Antony whimpered. Felicia Soulsby said to her husband, ‘See if you can help.’
‘Me?’
‘It’s the least you can do!’
‘If he’s caused real damage it’s best not to move him.’
‘You know what I mean.’
‘I don’t like it.’
‘Maybe I should start the engine,’ said Clapham. ‘To encourage him.’
Antony screamed, ‘For God’s sake – you want to kill me?’
Pam burst into tears. Mrs Soulsby poked her husband between his shoulder-blades. ‘George!’
Soulsby stepped into the boat. His manner was that of a man reminded of a scruple he would prefer to forget. Antony opened his eyes: Soulsby stooped and looked into them. He seemed uncertain what to do next, or whether he should do anything at all.

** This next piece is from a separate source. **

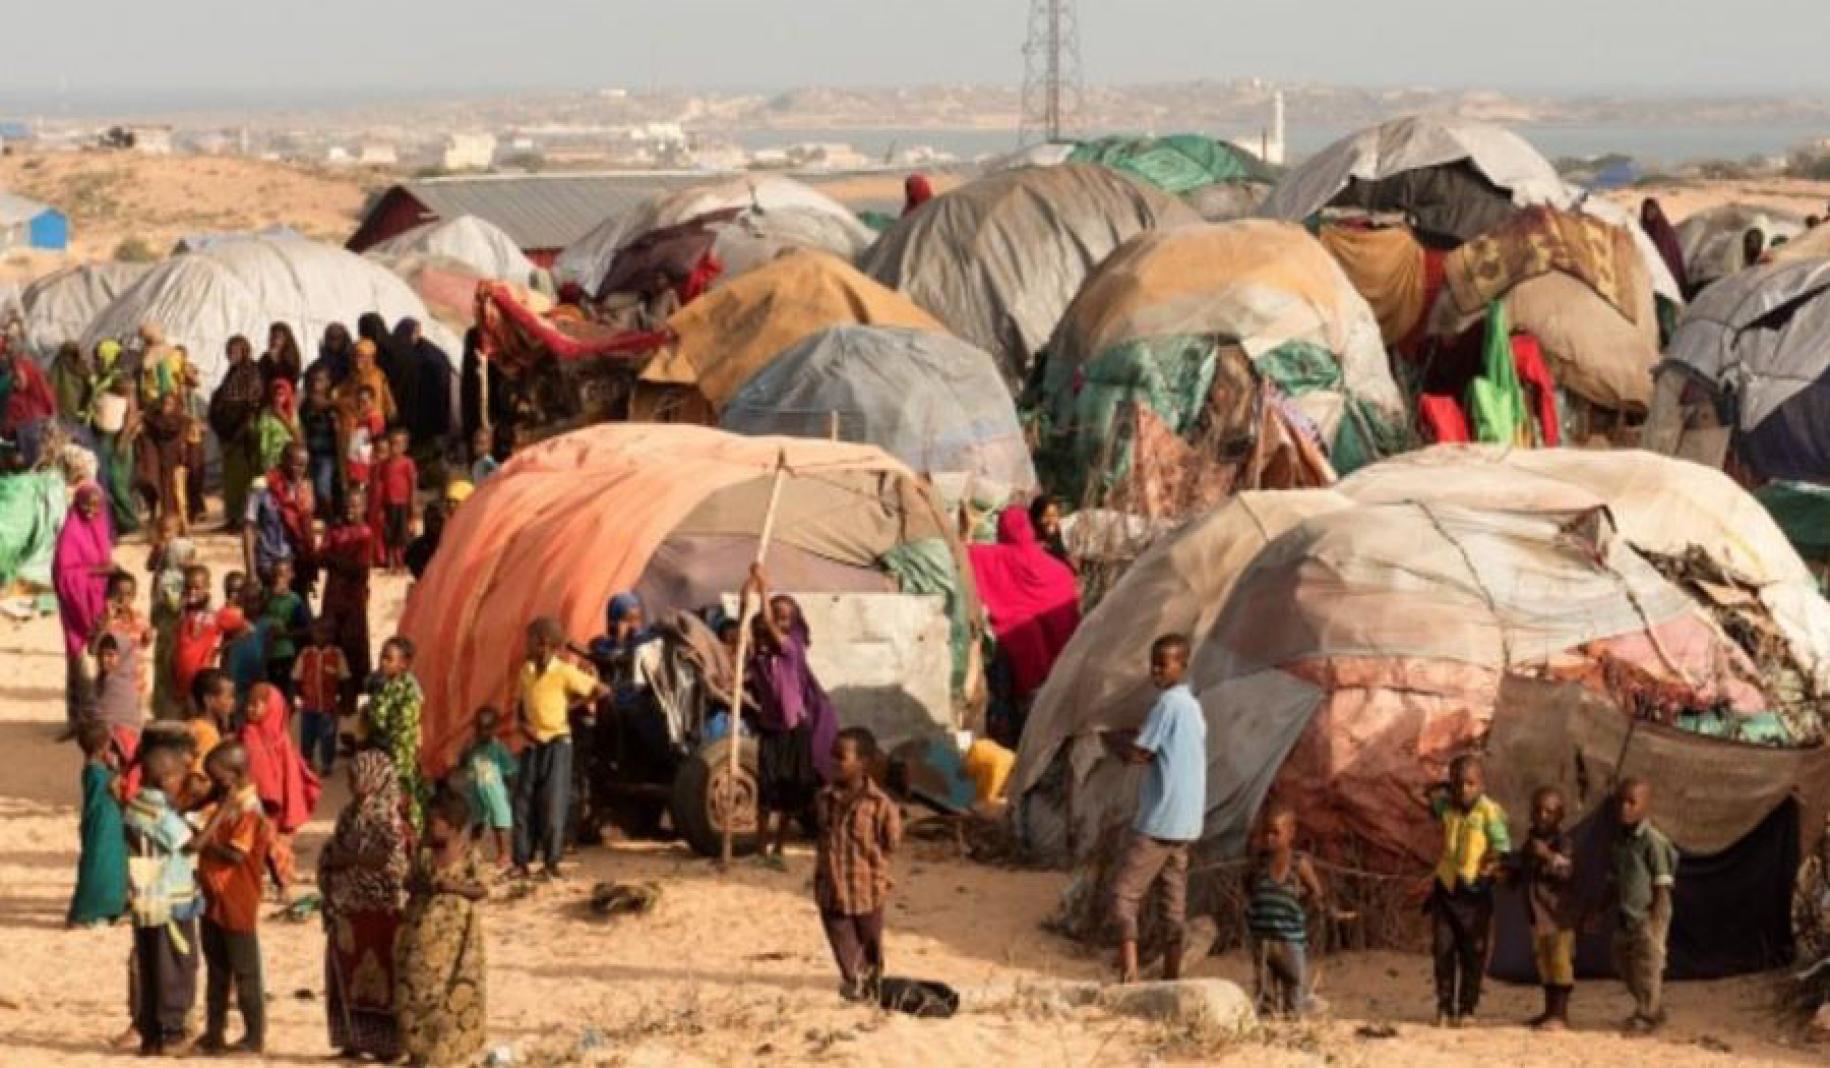 Vue panoramique d'un camp de personnes déplacées. On y voit de nombreuses tentes et de nombreuses personnes, hommes, femmes et enfants.

Charlie said, ‘We should call an ambulance,’ and Pam moaned.
Antony cried, ‘Don’t touch me!’
Soulsby unfastened the collar of Antony’s shirt. Antony stopped turning his head from side to side and lay still.
‘George!’
Soulsby slipped a hand under Antony’s neck. Everyone waited. A bird with a malevolent eye flew down and perched on the gunwale. When Clapham lunged at it, it flew away, throwing them a honk of derision. Antony reached for Soulsby’s hand and pulled himself to his feet. He stood looking round in a baffled sort of way. ‘Lot of fuss about nothing.’
Pam cried, ‘You scared us to death!’
‘I pull a muscle and she talks about death!’
Senga said, ‘Can’t we up anchor or cast off or something?’
Mrs Soulsby demanded of her husband,
‘Now
do you believe me?’
‘No.’
‘When proof has been vouchsafed? What more do you want?’
‘I don’t want.’
‘That makes it right? How utterly selfish! You spare no thought to suffering humanity – you could give life—’
‘How often have we been through this? Do I have to tell you again, it’s a fluke. Fluky!’